- The development of assays for stress in marine fishes is vital for studying the impacts of bycatch in fisheries and for determining the health of fish being cultured or used in research. This research developed behavioral and physiological assays for stress in juvenile sablefish, Anoplopoma fimbria, a species that comprises a valuable North Pacific fishery and is often a substantial part of incidental discard. The effects of conditions, intrinsic or extrinsic to the fish, on the variability of the stress response were also investigated. A moderate stress of 15 minutes in air was used to elicit an acute stress response. Behavioral responses and physiological values were evaluated at 1, 5, and 24 hours after the 15 minute air stress, and were compared with control fish that received only a minimal air stress. In the first series of experiments, behavioral patterns and changes in behavior over time of stressed and control fish were determined, and the protocols and time course for measuring behavioral effects of stress were established. In the second series of experiments, physiological assays were added to the behavioral protocols developed during the first series of experiments.

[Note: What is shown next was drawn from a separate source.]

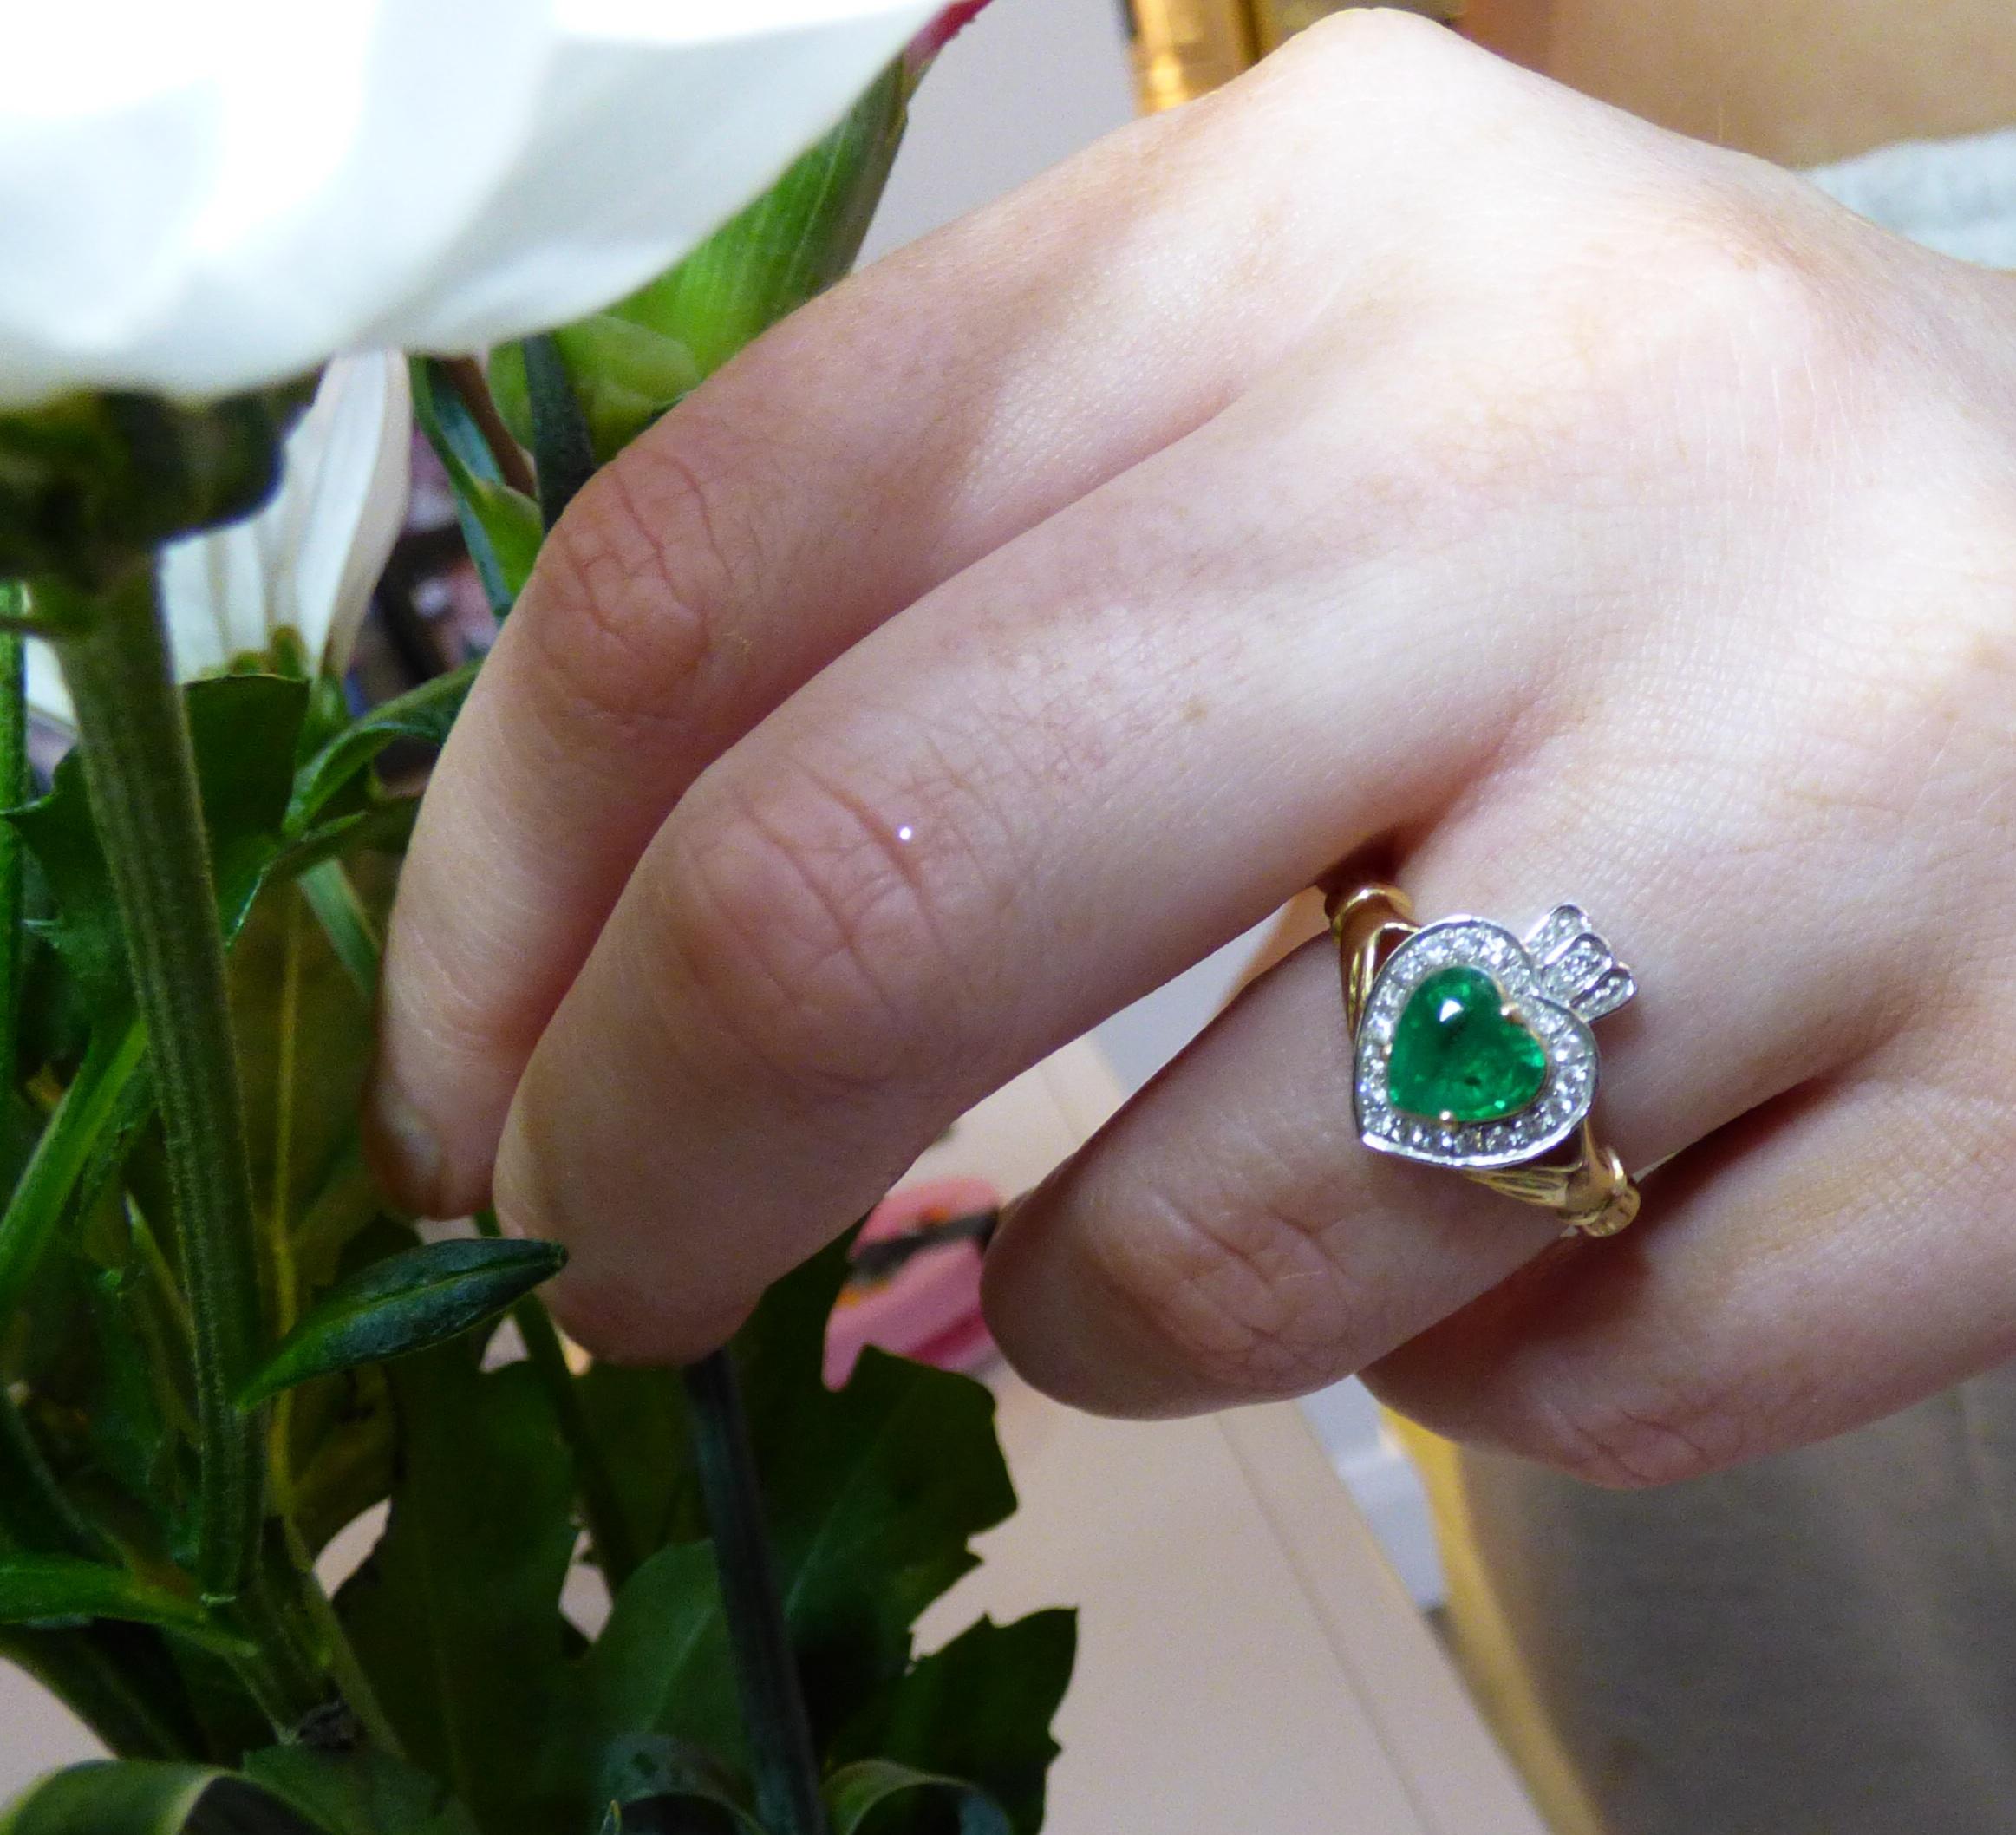 Eine irische Tradition: der Claddagh-Ring. Der Claddagh-Ring ist ein traditionelles irisches Schmuckstück, das Hunderte von Jahren alt ist. Das Design besteht aus zwei verschränkten Händen, die für Freundschaft stehen, einem Herz in der Mitte, das

The behavioral assays included activity levels, swimming speed at capture, and appetitive behavioral patterns in response to a chemical food stimulus (squid extract), and to a visual food stimulus (squid without odor). These behaviors are ecologically relevant in terms of performance and survival. All of these behaviors were sensitive to stress. In general, behavioral responses were depressed by stress at 1 hour, followed by recovery to control levels by 5 hours. However, the intensity of behavioral responses was affected by feeding history (1 or 5 days of food deprivation) and group influence
(recovering alone or in visual contact with 3 conspecifics), which therefore affected the ability of the behavioral responses to assess stress. The behavioral assays were less capable of detecting differences between stressed and control fish when the responses of control fish were depressed as a consequence ofbeing fed the day before. Visual contact with conspecifics facilitated recovery of activity in stressed fish, but therefore also resulted in apparent activity responses to chemical food stimulus that were more likely attributable to activity increases of conspecifics than to appetitive behavior. The focus of attention of isolated fish on activity of conspecifics often interfered with visual detection of food.
The physiological assays included plasma concentrations of cortisol, glucose, and lactate, all of which proved to be sensitive measures of stress in sablefish. These parameters were elevated by stress at 1 hour, followed by a decreasing trend to 5 and 24 hours. The physiological assays were affected by feeding history, and an effect of group influence was also indicated. Cortisol and lactate levels in stressed fish fed the day before recovered faster than for stressed fish that were deprived of food for 5 days. Glucose levels in stressed fish fed the day before were not elevated above controls. These results suggested an alleviating effect of feeding on the biochemical stress response. At 5 hours, cortisol and glucose were elevated above baseline levels in both solitary stressed fish and in stressed fish influenced by a group, but also for controls influenced by a group, suggesting an exacerbating effect of isolated fish being in visual contact with groups. There were critical cortisol, glucose and lactate thresholds (180 ng/ml, 140 mg/dl, and 175 mg/dl, respectively) above which no appetitive behavioral responses occurred. These clear demarcation levels are extremely valuable for linking behavioral and physiological responses.
These results indicate that behavioral and physiological assays are sensitive indicators of stress in sablefish, although the magnitude, time courses, and correlation of responses may be affected by factors intrinsic and extrinsic to the fish that may vary before and during recovery. There was a correspondence between behavioral and physiological indications of stress shortly after the stressor had been removed and levels of stress were still severe. However, there was a temporal discrepancy after partial recovery had occurred, at which time recovery of physiological norms had not yet been established although behavioral responses had recovered. While behavioral patterns may readjust quickly, the persistence of an energetic load during recovery from stress, as indicated by continued physiological perturbations, may compromise ability to respond to additional stressors.